Dataset extract »

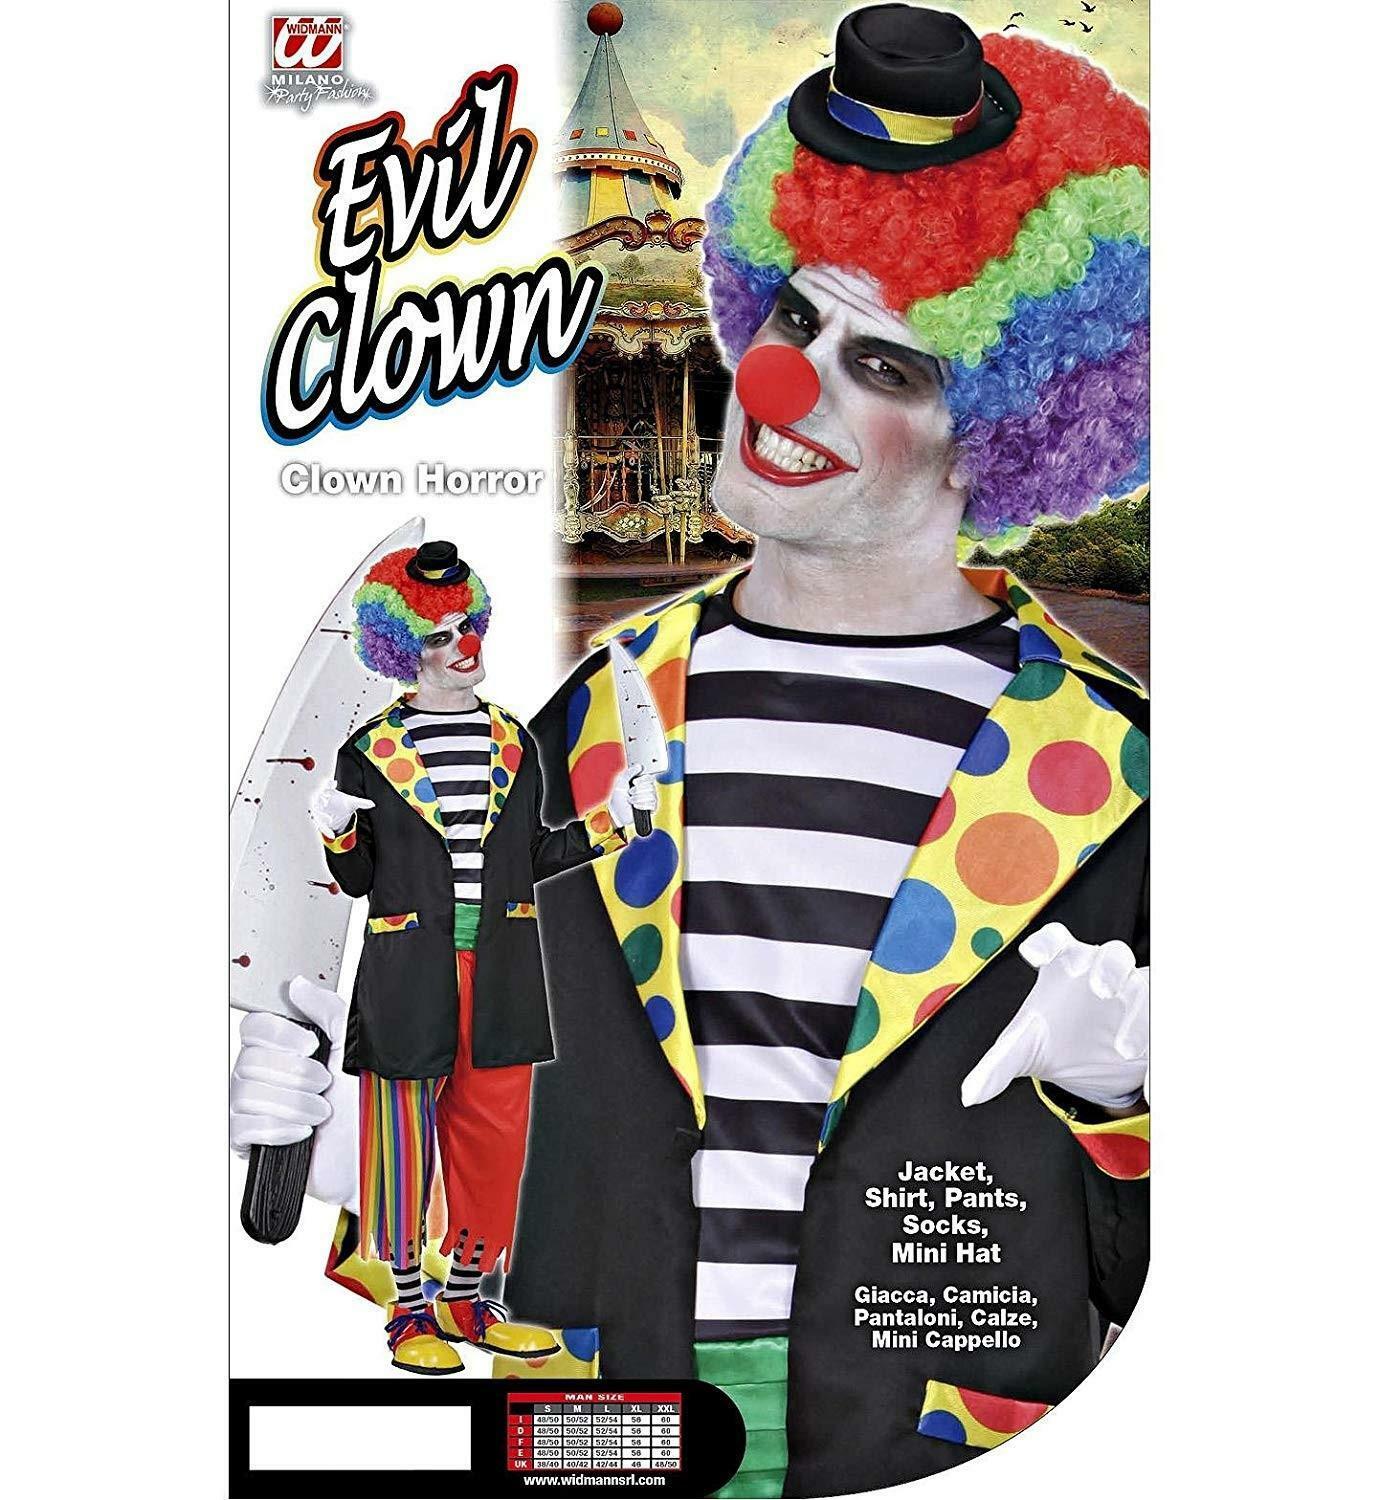 widmann widmann costume clown horror taglia m
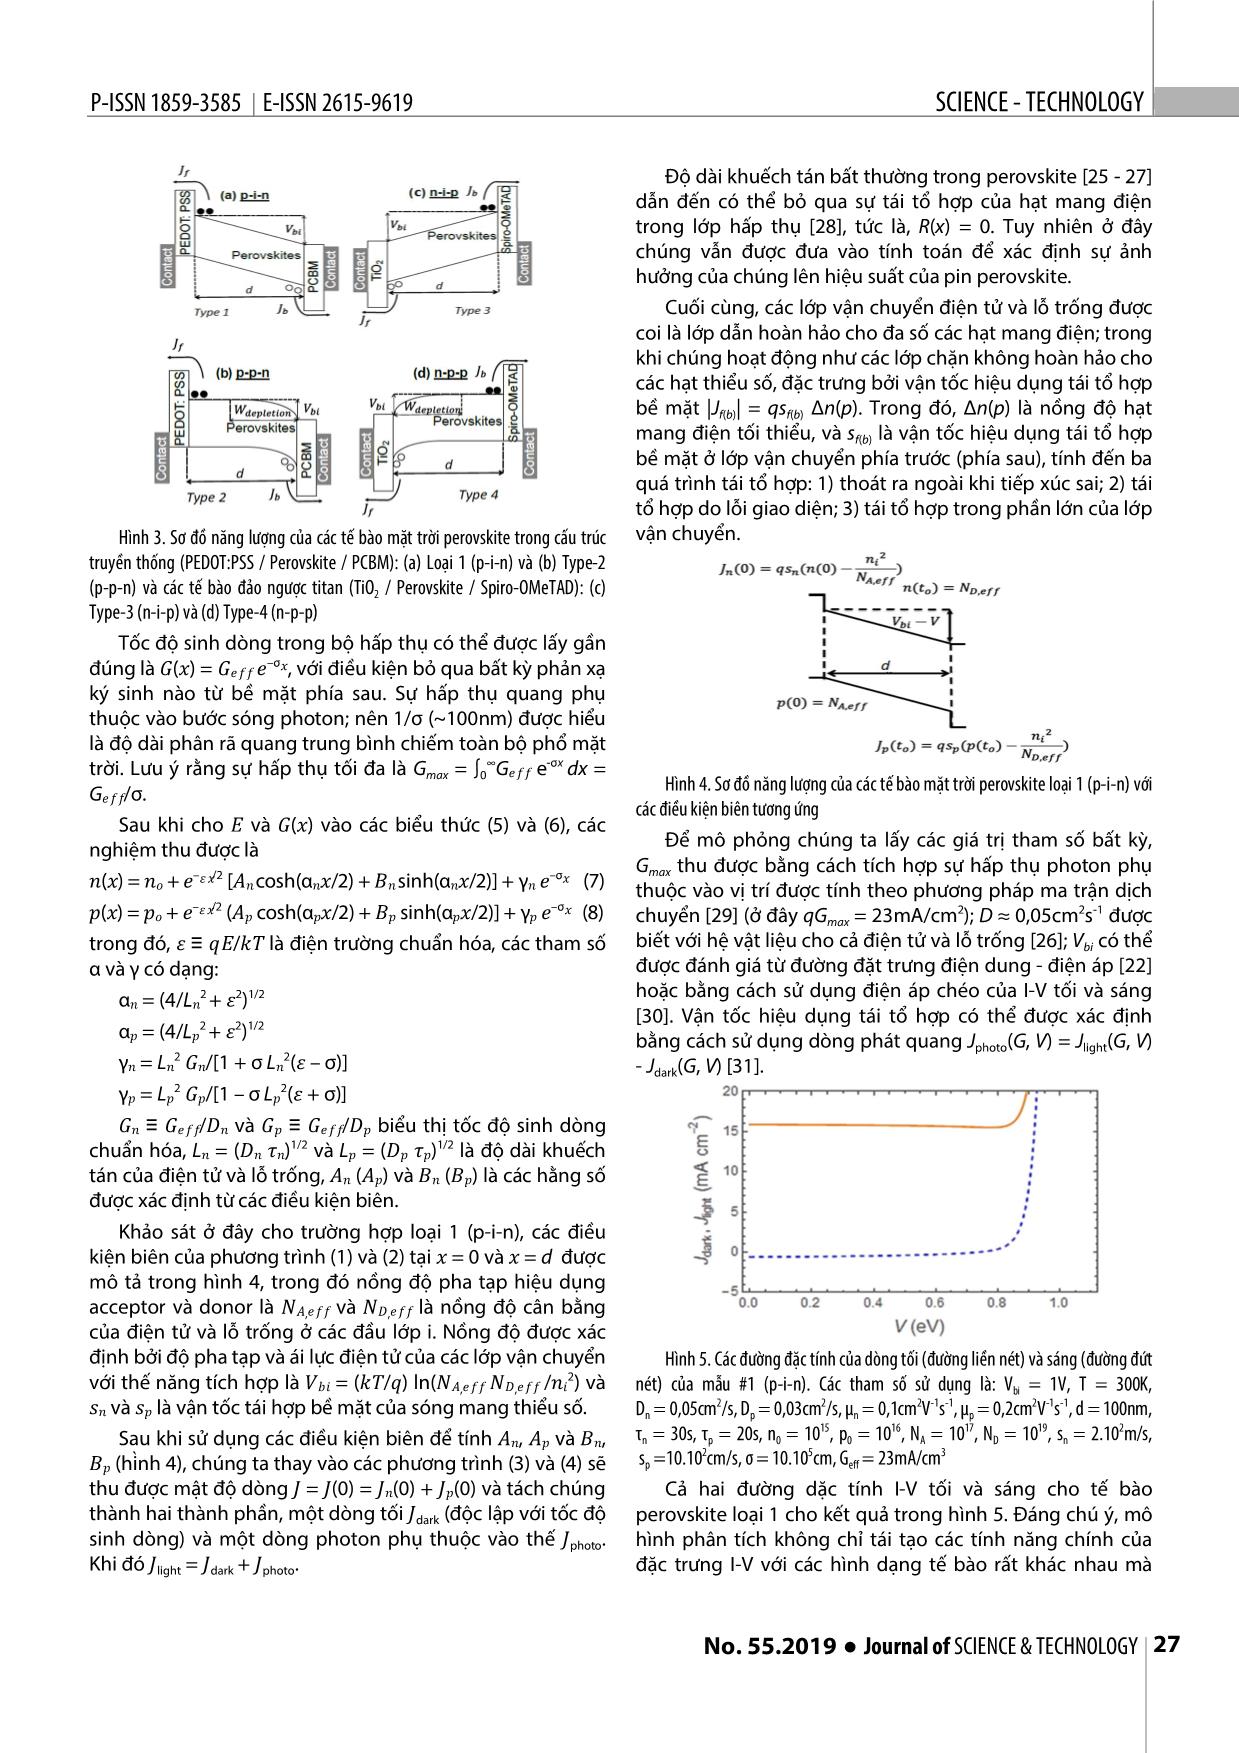 Xây dựng mô hình vật lý của pin mặt trời với vật liệu perovskite trang 4
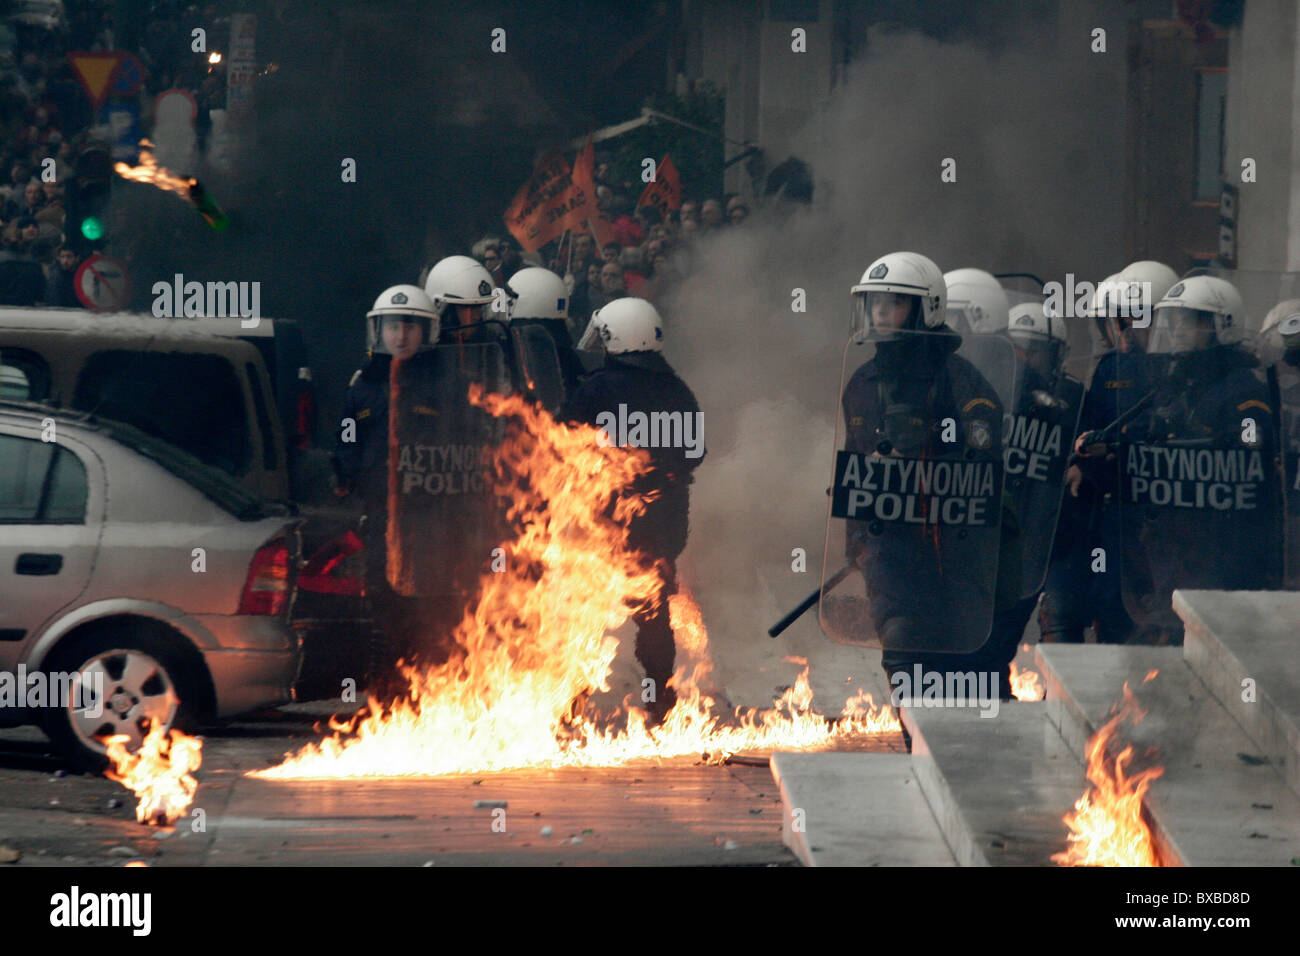 Demonstranten Zusammenstoß mit der Polizei, werfen Molotowcocktails und Stein gegen sie. Generalstreik in Griechenland als Gewerkschaften Protest neue Arbeit Reformen unter anhaltenden Sparmaßnahmen. Stockfoto

Try it »
Pictures stay out; all other material above is restated word for word.

Exercise answer »
 widmann widmann costume clown horror taglia m
 Xây dựng mô hình vật lý của pin mặt trời với vật liệu perovskite trang 4
 Demonstranten Zusammenstoß mit der Polizei, werfen Molotowcocktails und Stein gegen sie. Generalstreik in Griechenland als Gewerkschaften Protest neue Arbeit Reformen unter anhaltenden Sparmaßnahmen. Stockfoto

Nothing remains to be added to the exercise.